Henry Mintzberg, the noted McGill University academic must have been wondering pretty much the same thing lately, as evidenced by his latest book, Managing.  Like his previous works, which challenged conventional wisdom in their own ways, Mintzberg seeks to remind us that managing is every bit as important as leading.

Sachs focuses on four failings: privatization of regulatory functions, collapse of planning functions, chronic underfunding of government, and institutional designs that inhibit coordination.  The cross-cutting nature of contemporary challenges, Sachs holds, require input from multiple disciplines and perspectives.

Mintzberg reminds us that it has become increasingly fashionable to distinguish between leading and managing: “One does the right things, copes with change; the other does things right, copes with complexity.”  But these elements, change and complexity, often present as fellow-travelers, forcing us to deal with both at once.  The resulting dilemmas often leave us without right or wrong answers, only better and worse options each of which leaves some need unsatisfied or alienates someone in some way.

Clearly, it matters very little whether we do things right if what we’re doing doesn’t matter.  At the same time, doing the right things wrongly is often worse than doing nothing at all.

Leadership, practiced as the art of influence, has increasingly been seen as something accessible to all, rather than an attribute of position or authority.  Those at the very top and very bottom of an organization — its boundaries — often find themselves in the best positions to wield such influence in so far as it involves leveraging the organization’s resources and interacting with its environment.

Managing, though, largely remains the province of those caught in the middle, as it were between the organization’s internal and external stakeholders.  No matter how adept they become at the art of influence, they cannot escape the overburden of responsibility they have for shepherding the organization’s resources and processes.

These responsibilities and the authorities that come with them do not, however, translate into control.  It has been my experience, that at best managers exert some influence on others through coordination (cf.

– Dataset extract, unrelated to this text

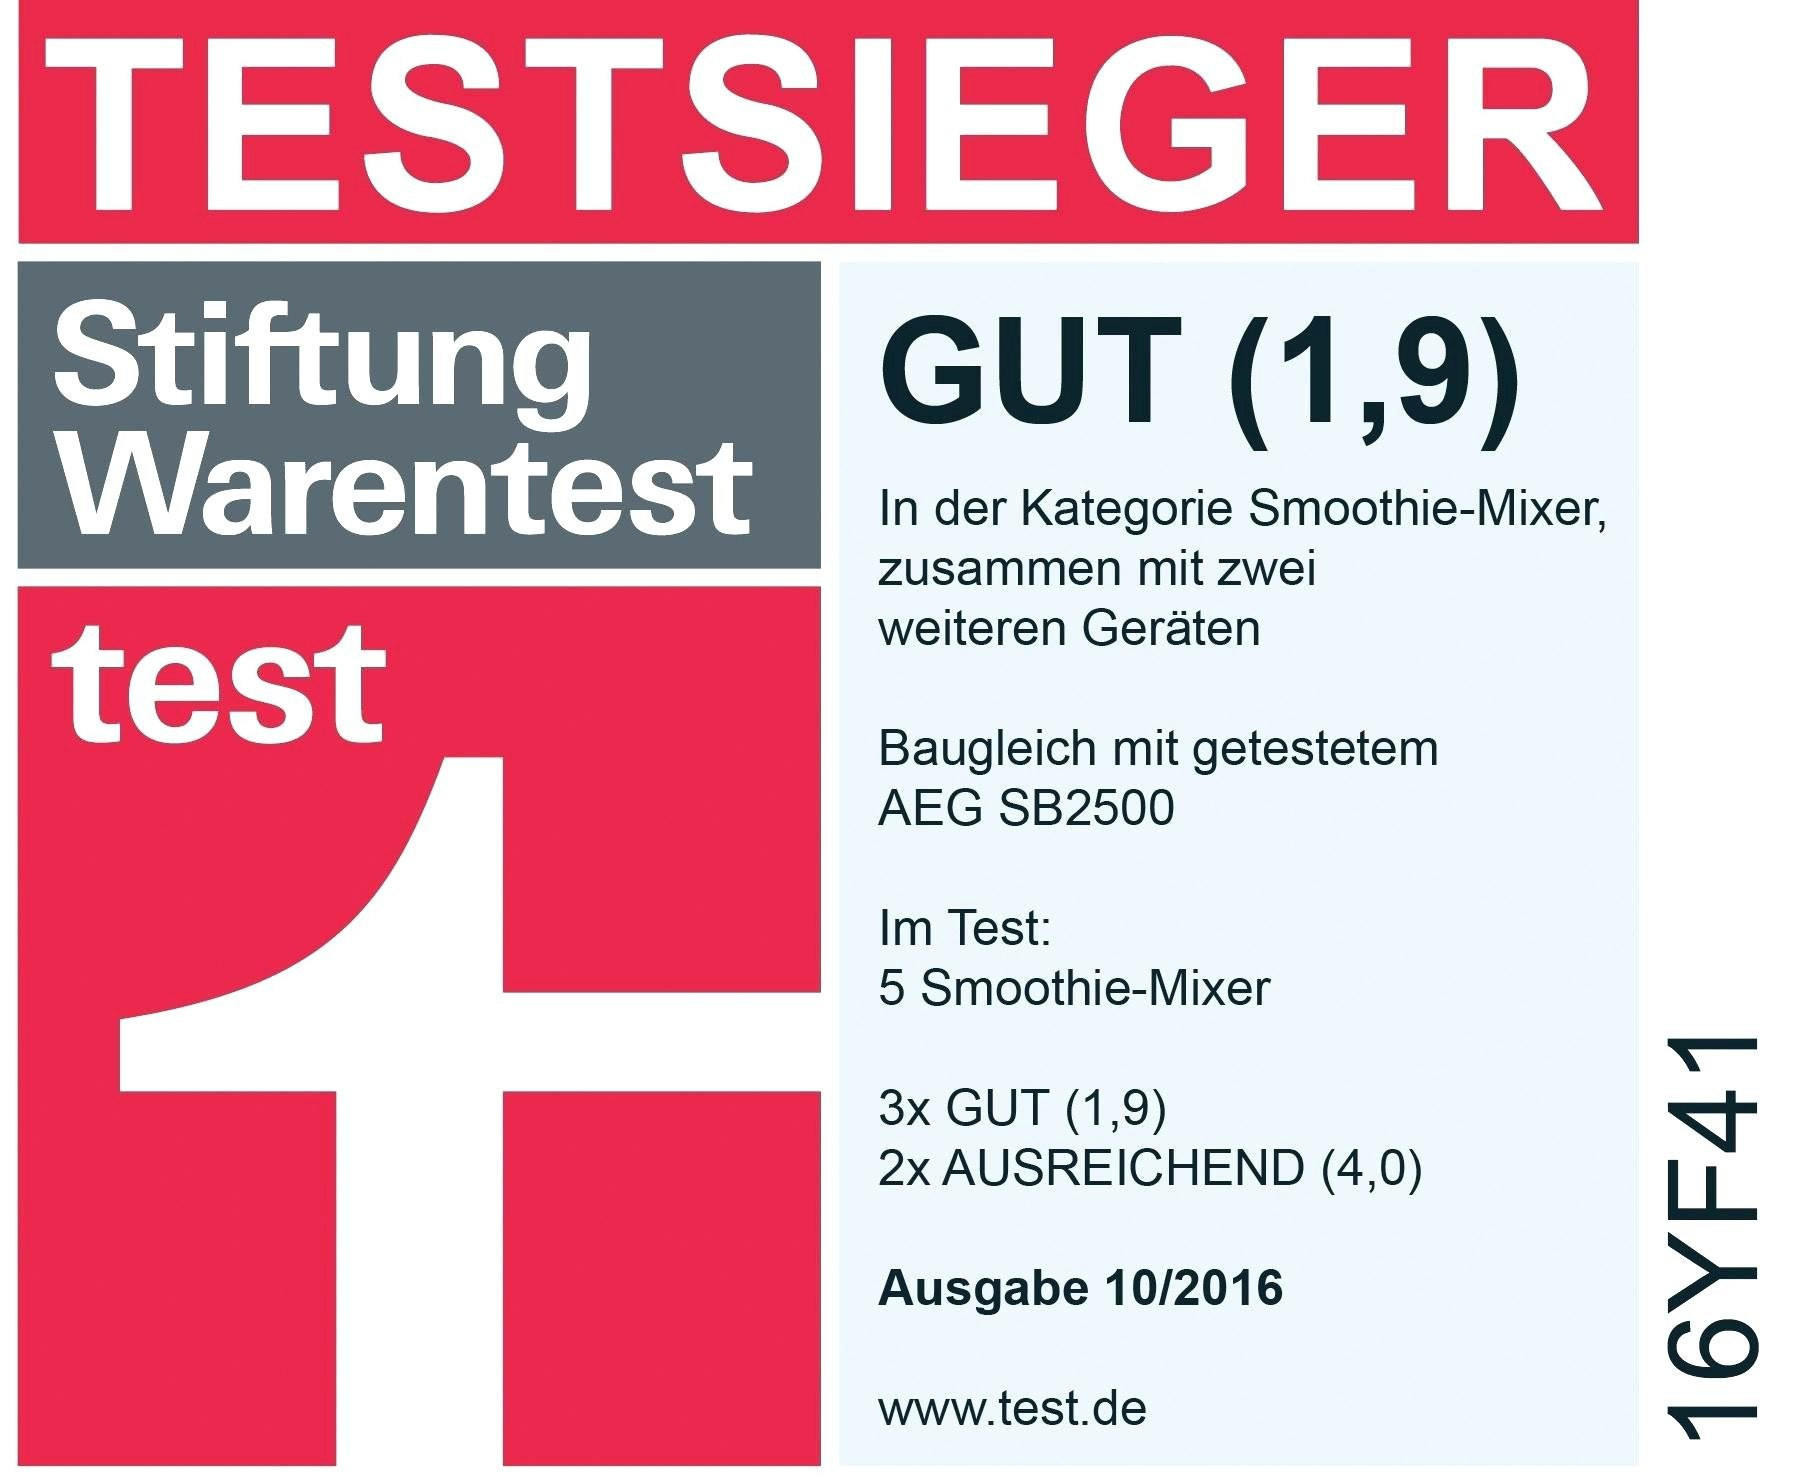 Beste 20 Matratzen Stiftung Warentest - Beste Wohnkultur ...
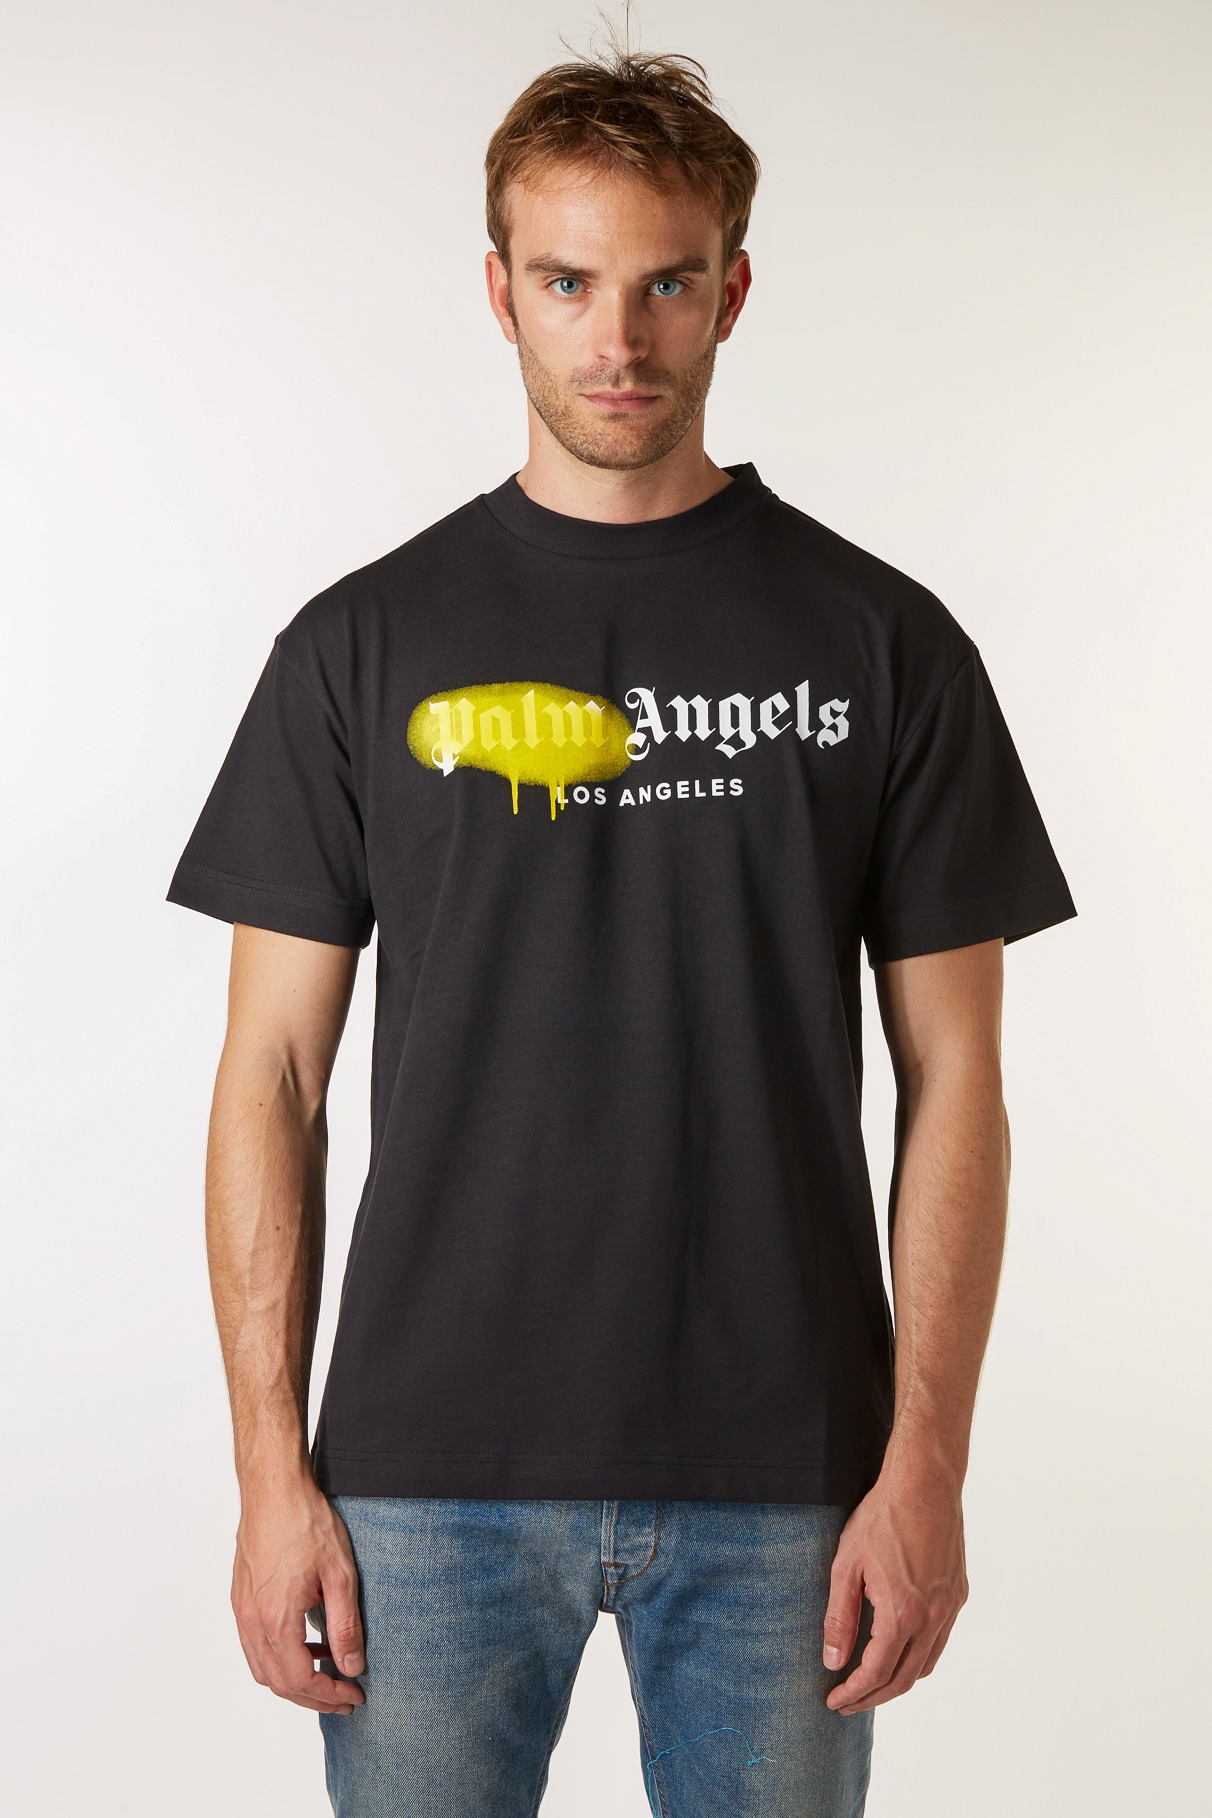 PALM ANGELS T-SHIRT PMAA001S204130551018 BLACK/YELLOW

Mintzberg’s covert versus overt control).

Like a traffic cop metering flow through a gridlocked intersection, managers spend most of their time trying to prevent accidents.  The best managers find it possible to do this while also ensuring that pedestrians, cyclists, motorists, and mass transit all get a fair go at unimpeded access.

Connecting dots, maintaining communication, mediating conflict, and monitoring progress all play important roles in managing successfully.  Coordination requires managers to focus their efforts on clarification, competition, commitment, and creativity.  Each of these competencies, in its own way, contributes to overcoming one of the failures noted by Sachs.  Over the next few days, I will address each of these managerial competencies in more detail.

For now, suffice it to say, I am more with Mintzberg than Sachs.  While I see evidence of widespread managerial failings in both the public and private sectors, I remain hopeful that something short of radical reform can restore confidence in our ability to attend our own needs and build a better future for all.